Sorry to post so long.

 

Post as much as you want Nate... we'll read it.

WAVE is an extremely accurate simulation program that can do just what we're proposing. I don't work in the automotive field but I know of WAVE from my dealings with Chuck Riddeck last year. Maybe he'll chime in.

Here's the information from Ricardo's website.

What amazes me these days is the amount of information out there. Here we are having a discussion on exhaust systems and how to create the sound you're after..... almost by accident I found this article on the new GTO. Fascinating... cause it goes right along with what everyone here has been saying about creating a "characteristic" sound. The engineers went through a bit of effort to do just that.

http://ultimategto.com/monaro13.htm

-Mindgame

 

Wave is the big player in the exhaust simulation field. It is well used. It's very cool, but the truth is that no one dares to take the results of a Wave simulation and make production tooling decisions based solely on them, especially late in the program, when tool changes are serious $$$$. You always test to see if there is a difference and there nearly always is one, even if it's a five percent variation in some areas. Then, you need to tweak the design using experience and trial and error to get it right. That's on a simulation that comes out really good. There are others where the real-world results aren't really close to agreement with the model, and a human could make a first shot much closer. It becomes a time thing, which is faster?

Wave is used in the industry to try to narrow the designs down in the absence of a vehicle. We do development without vehicles more and more early on in a program. It is very useful, but it isn't dead on and you always correlate the data. It is, as I said, getting better. It isn't cheap either.

 

Worked as a program director for a while. I can tell you about the cost of developing accurate software applications.

You're right Nate, the program is not going to give you a perfect model, but it does create a good starting point. There are always going to be a number of prototypes based off that original concept. The importance here is getting that "original concept".

The GTO team I referenced in my last response... same situation there.
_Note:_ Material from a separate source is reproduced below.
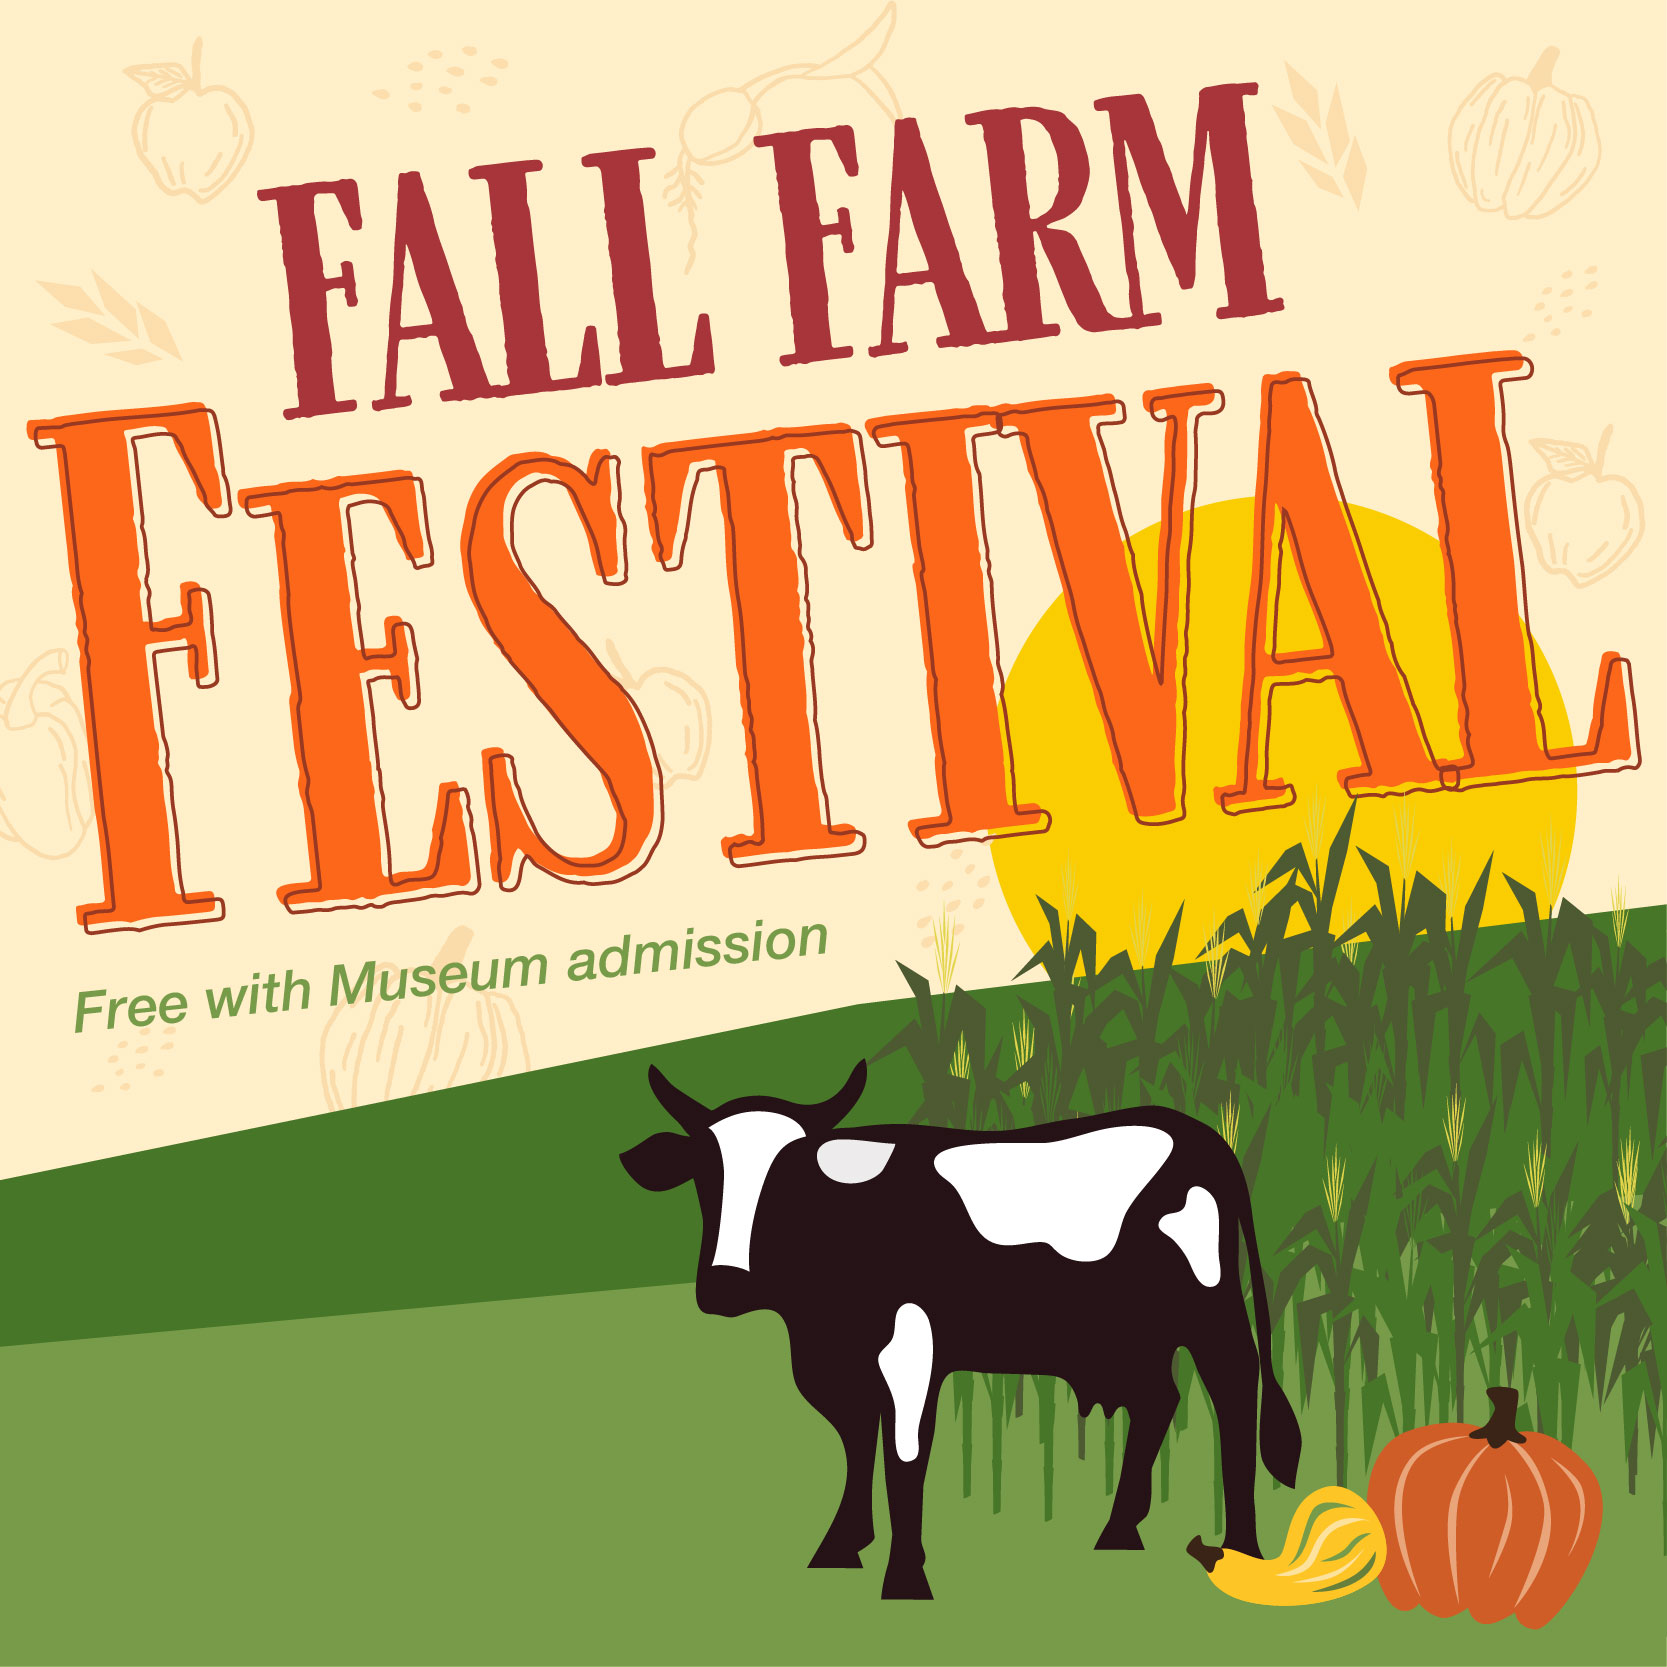 Fall Farm Festival

The beauty of software goes much further than original design. You have a design team working on the project. An original concept is developed, that concept is used to create a computer model. That computer model is associative, in that any changes in say a chassis component will automatically update the exhaust design should it fall out of certain constraints. From original design, you have an accurate model for the simulation. That model is used for simulation and it is used for manufacturing. Speeds the entire process.

I guess the point I'm trying to make here is, it goes further than getting that first design. Nothing cheap about it when you look at initial expenditures, but the return on investment can be substantial for a company that does this continually.

-Mindgame

 

Yup, that's how it's supposed to work, and sometimes it does. What do they say about it works that way in theory, but not always in practice? There's a catchy saying there somewhere that I can't remember. Jon probably could...
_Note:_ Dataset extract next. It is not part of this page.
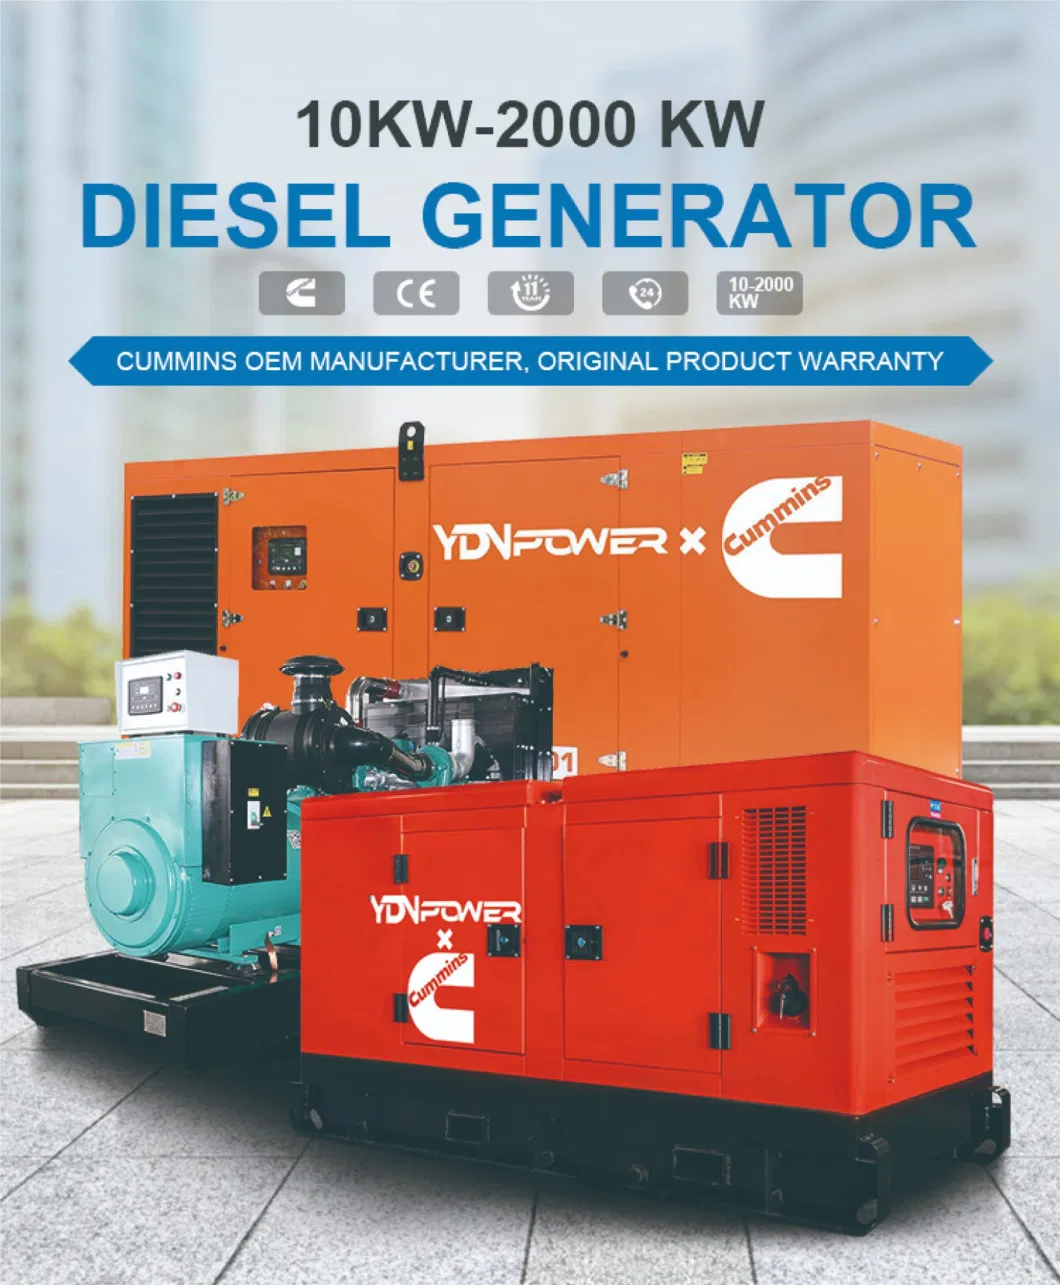 125 kVA Silent Type Diesel Generator with Cummins Engine

I need to comment that several of you demonstrate remarkable understanding in a wide variety of areas. Jon, Mindgame, you guys seem to know a lot about a lot, even though the topic may not be in your primary area of expertise. You, and several others, specifically Bret, Ken, Fred, and more make it a pleasure to browse the forums. Thanks...

 

Advanced Age helps a lot. Old Farts like me have just experienced more, read more, talked more(!) than you young guys. Some of it is retained. Keeping the mind active seems to help retain more of the stuff that has been accumulated over the decades.

BTW, I don't have a primary area of interest. That's too boring.

Thanks, Nate.

 

The difference between theory and practice in theory is much less than the difference between theory and practice in practice

That the one you're looking for?

Not as old and wise as some around here but extremely eclectic. To myself and probably alot of other gentlemen here... living is all about learning.

Now if I could just motivate my nephew....

-Mindgame

 

WOW
I know this were the place to ask for.
I love the corsa sound, this C5 sound are just what I looking for my Z but they donīt sound even close in the C5 to the LT1 or LS1 Z.

C5 http://www.corsaperf.com/flashc5.htm

LT1 http://www.corsaperf.com/flashcam-fire.htm

LS1 http://www.corsaperf.com/gm/cfflash.htm

 

This kind of makes me wonder about those tuning for power and sound. Do guys just add spacers to the headers in small incrememnts? What size are these increments (its gotta be based on wavelenth but I don't know it).
Also, this reminds me of the polarizing experiments i did in an old physics class and the comments of a chemistry teacher.
Has anyone ever tried using a grating with very small slits in only one direction? It'd be very restrictive so you'd have to make the diameter of the tube alot bigger at that point.
It'd let through only one plane of waves, and you could have another grating set up further down that you could adjust by turning it.

edit: also, to expand on his question, what is it that made the old trans-am series cars sound so real?

 

Yeah, the c5 corsa does sound pretty amazing, i have to wonder if the differance is in the exhaust itself or the engines, the ls1 and c5 have simular engines if not the same so u would thing they would sound simular???

 

That's an extremely high revving (7200+ rpm) LS1 in the C5 soundfile. I wonder if they "enhanced" it.

Here's what a 6800 rpm shift sounds like:

http://kraest.com/vette/2ndgear.mov